▸ **SOURCE MATERIAL**:
§ §

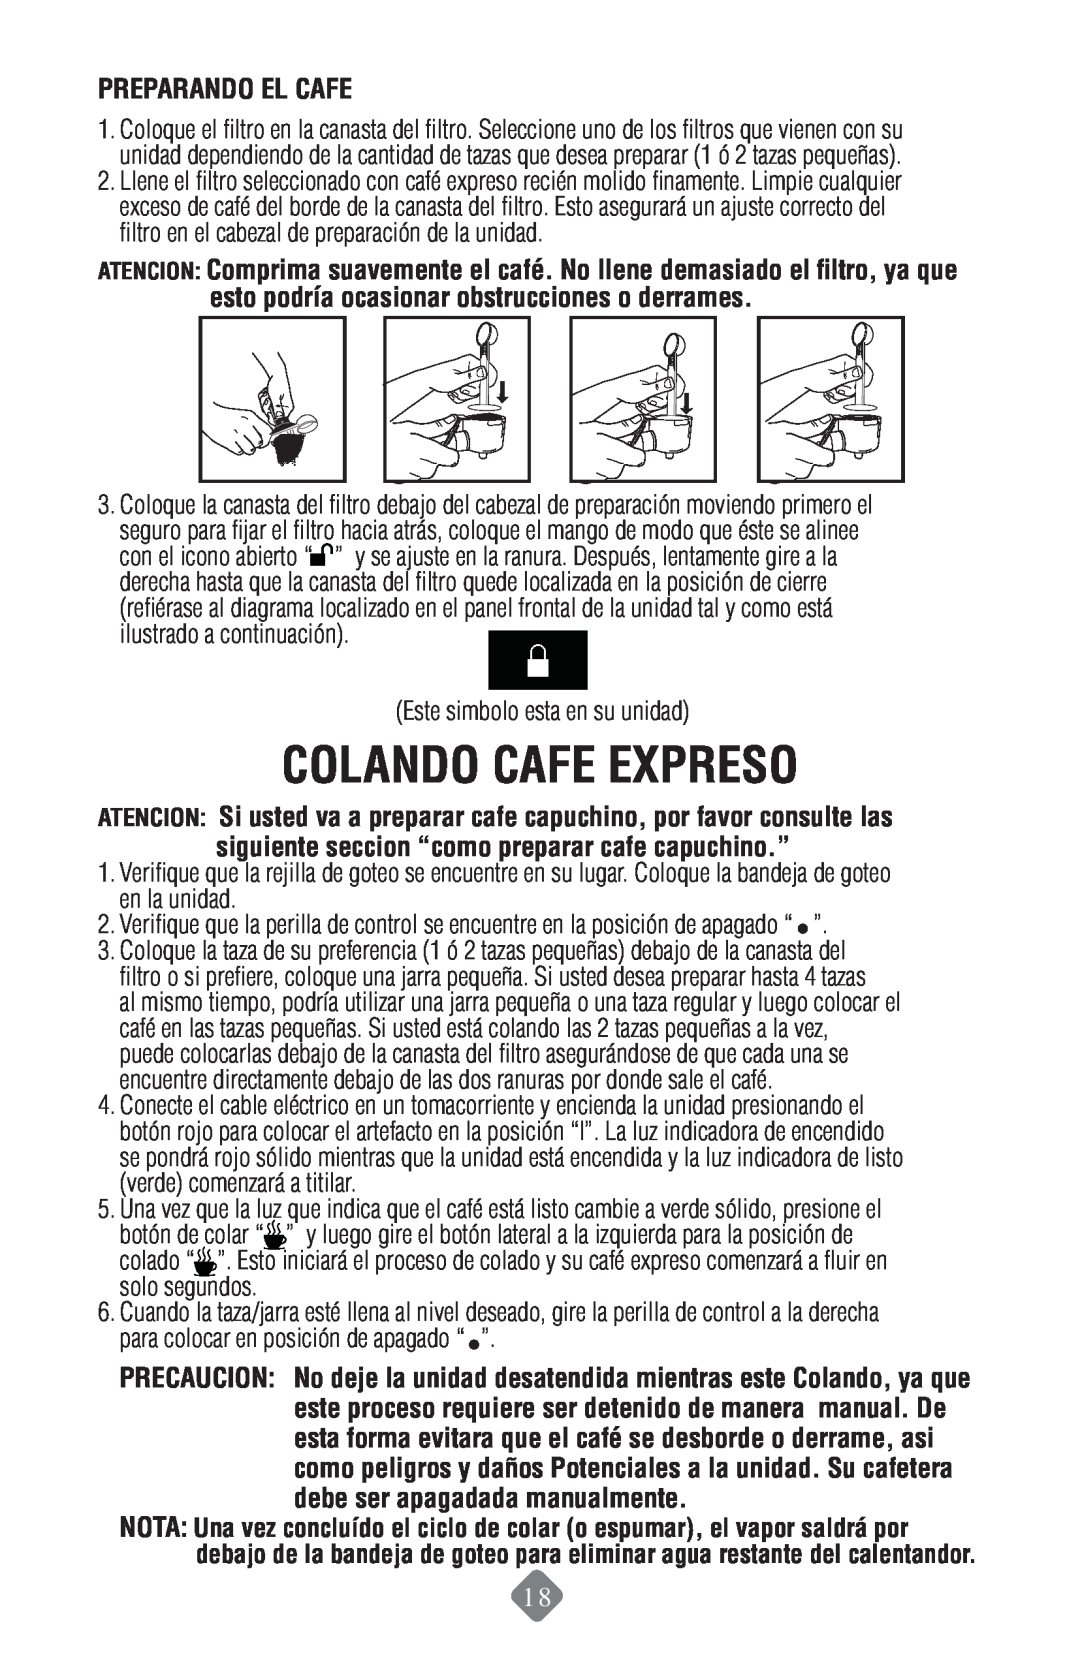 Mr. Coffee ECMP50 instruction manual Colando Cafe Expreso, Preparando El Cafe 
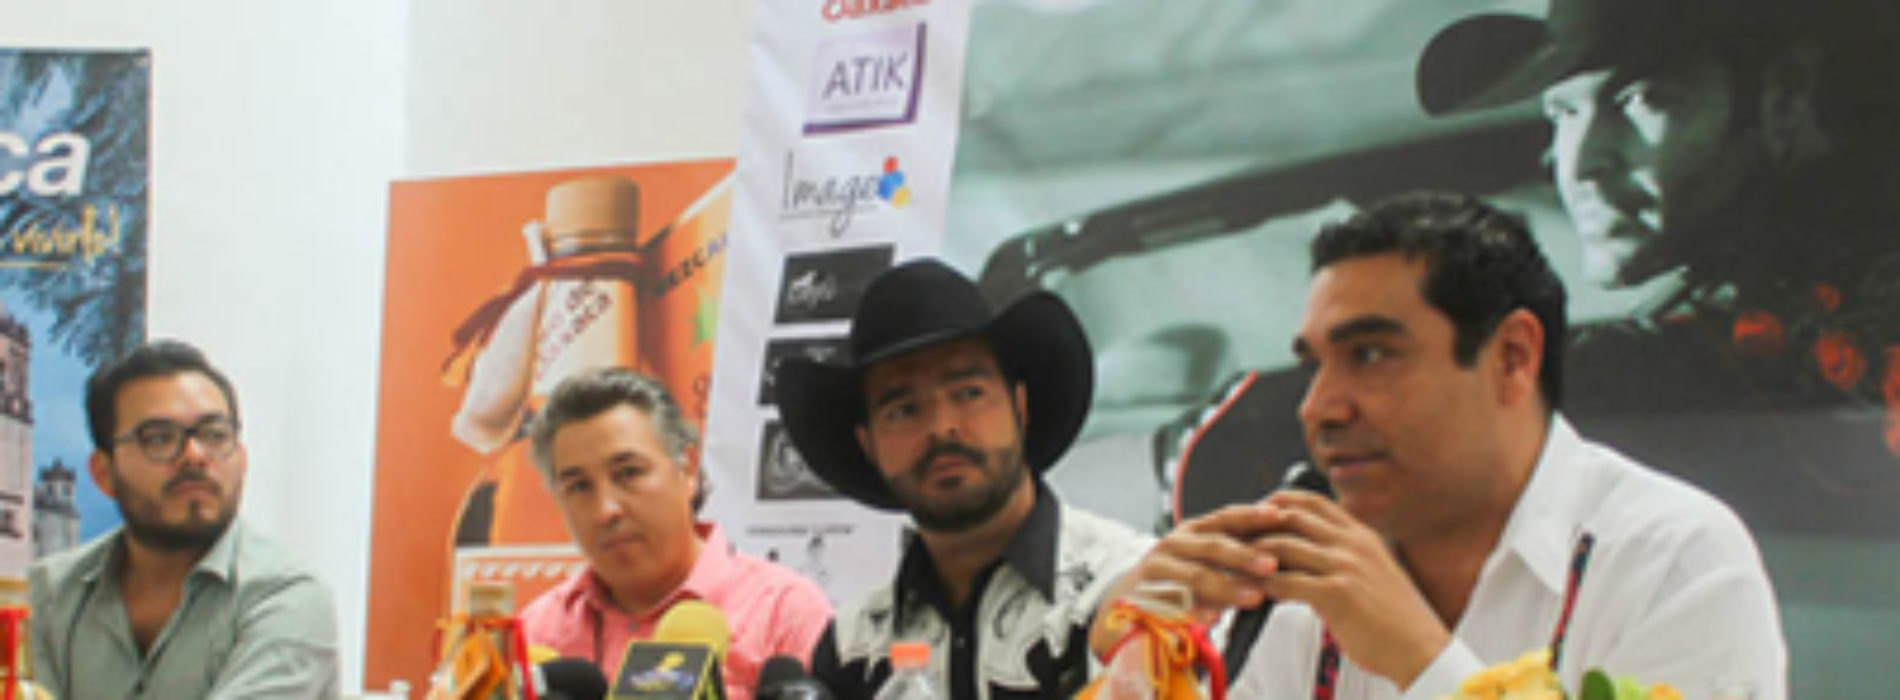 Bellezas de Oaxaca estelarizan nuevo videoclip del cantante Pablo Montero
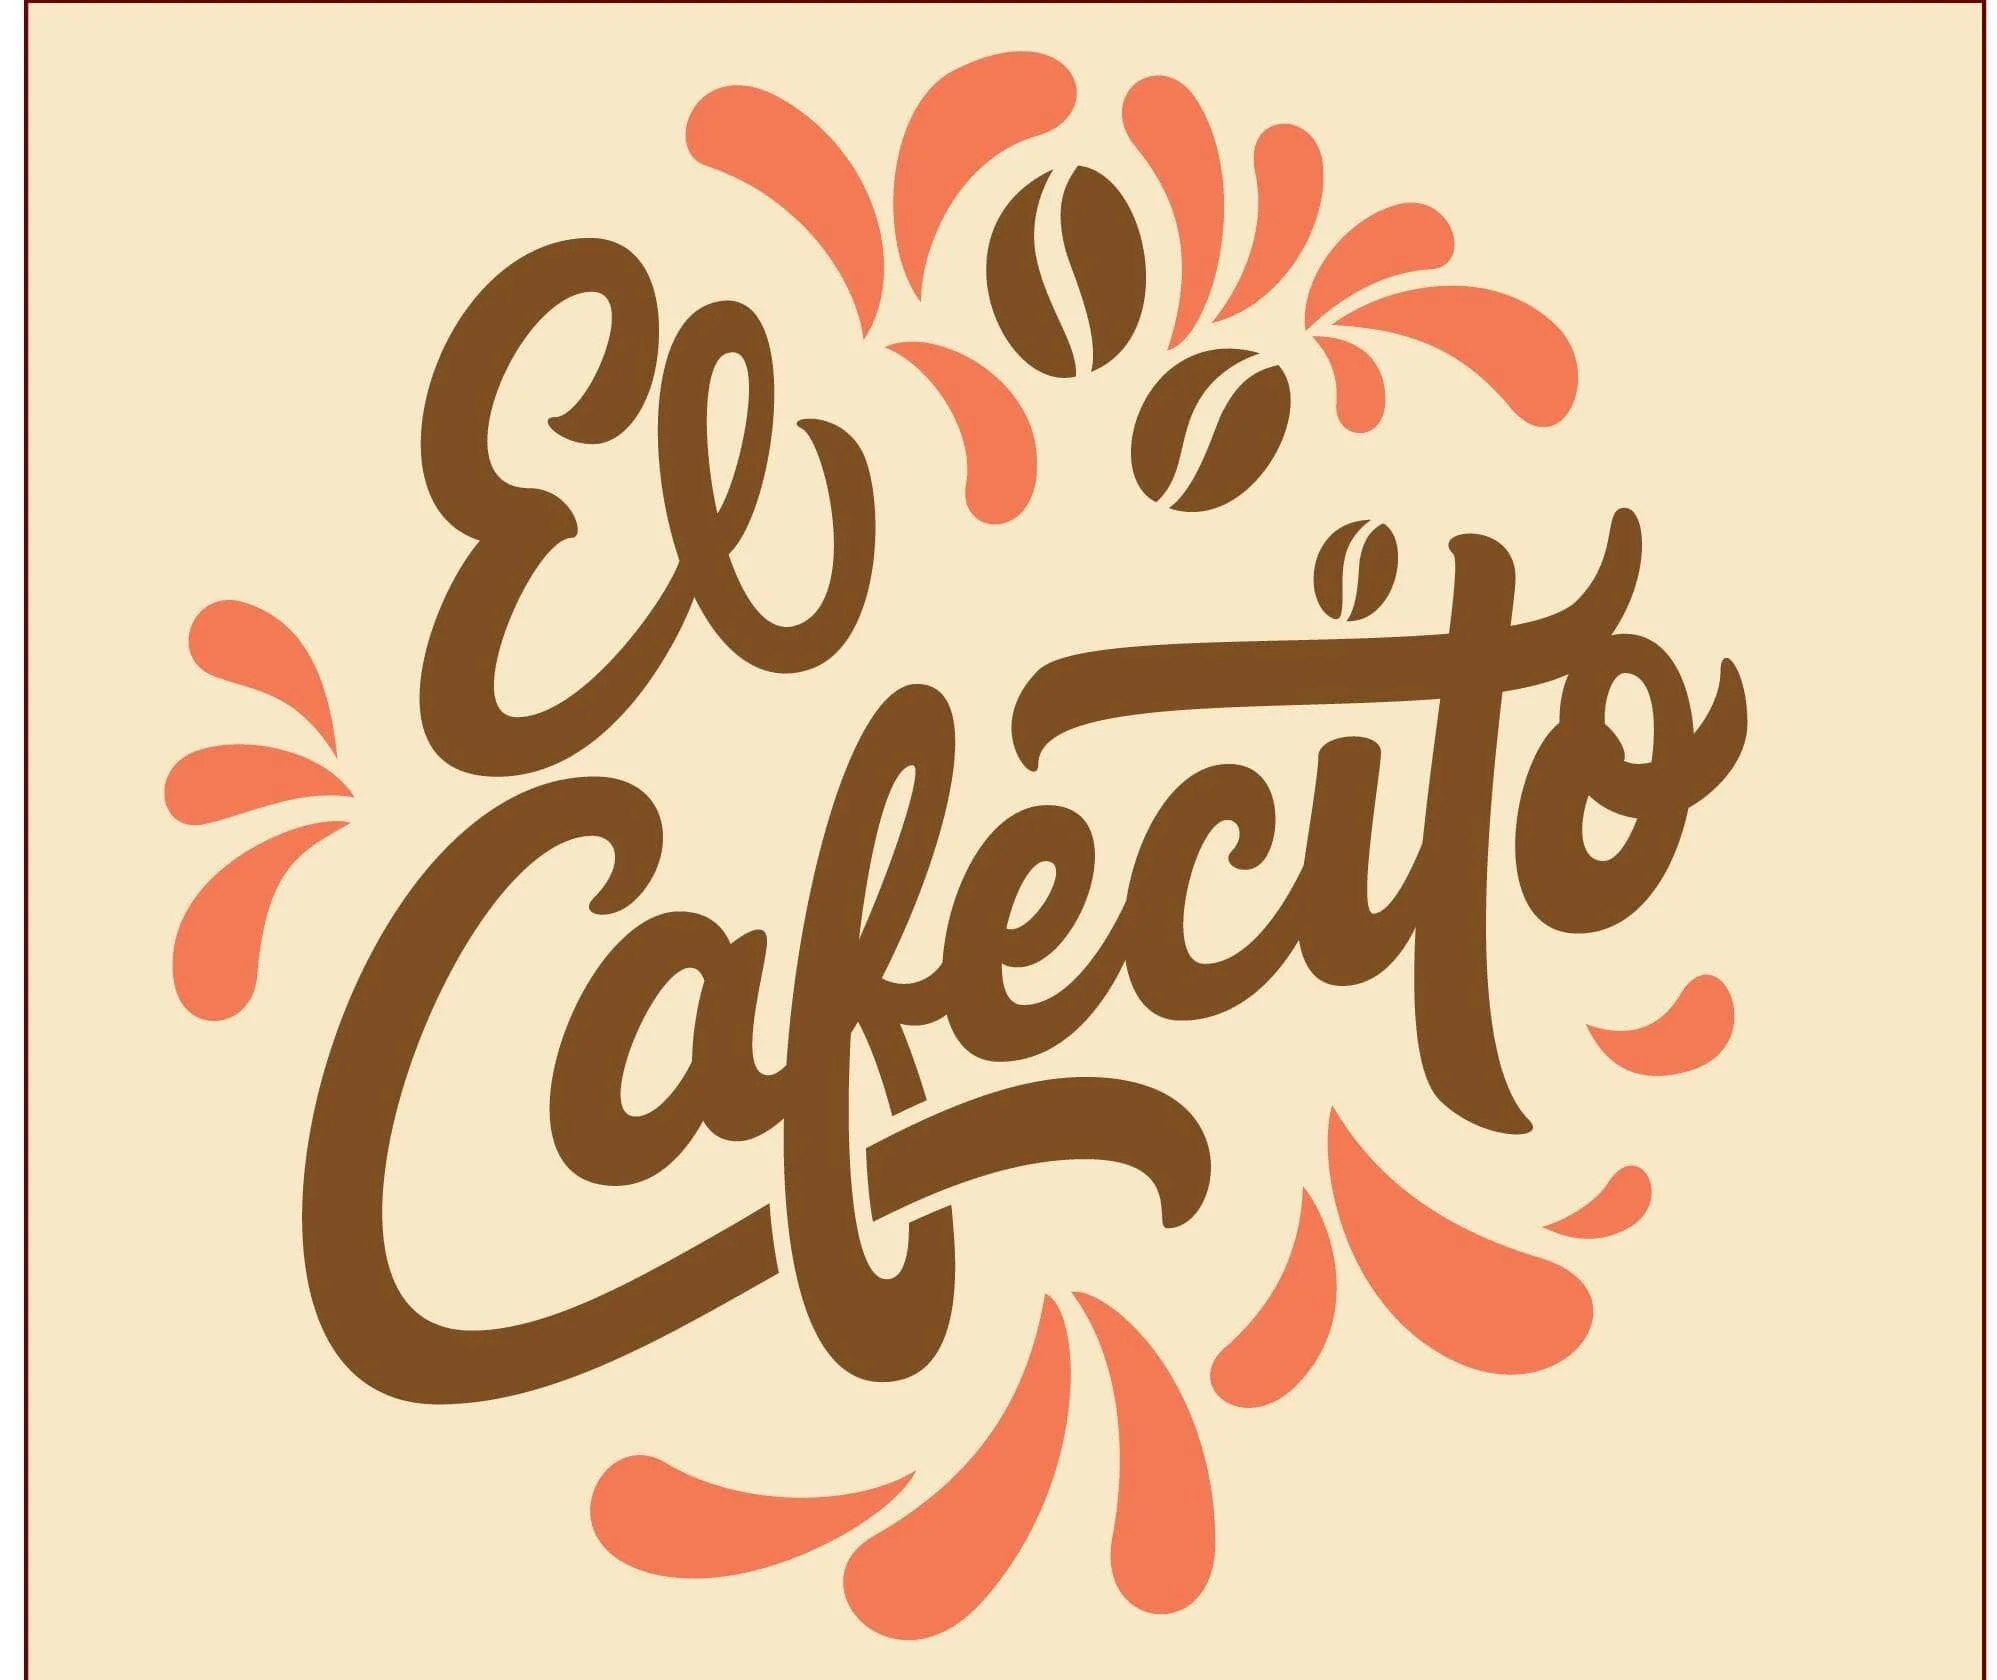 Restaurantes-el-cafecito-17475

§ §

▸ **ABOUT THIS EXERCISE**: Output all the data above verbatim, leaving out images.

▸ **RESPONSE TO THE TASK**:
 Mr. Coffee ECMP50 instruction manual Colando Cafe Expreso, Preparando El Cafe 
 Bellezas de Oaxaca estelarizan nuevo videoclip del cantante Pablo Montero
 Restaurantes-el-cafecito-17475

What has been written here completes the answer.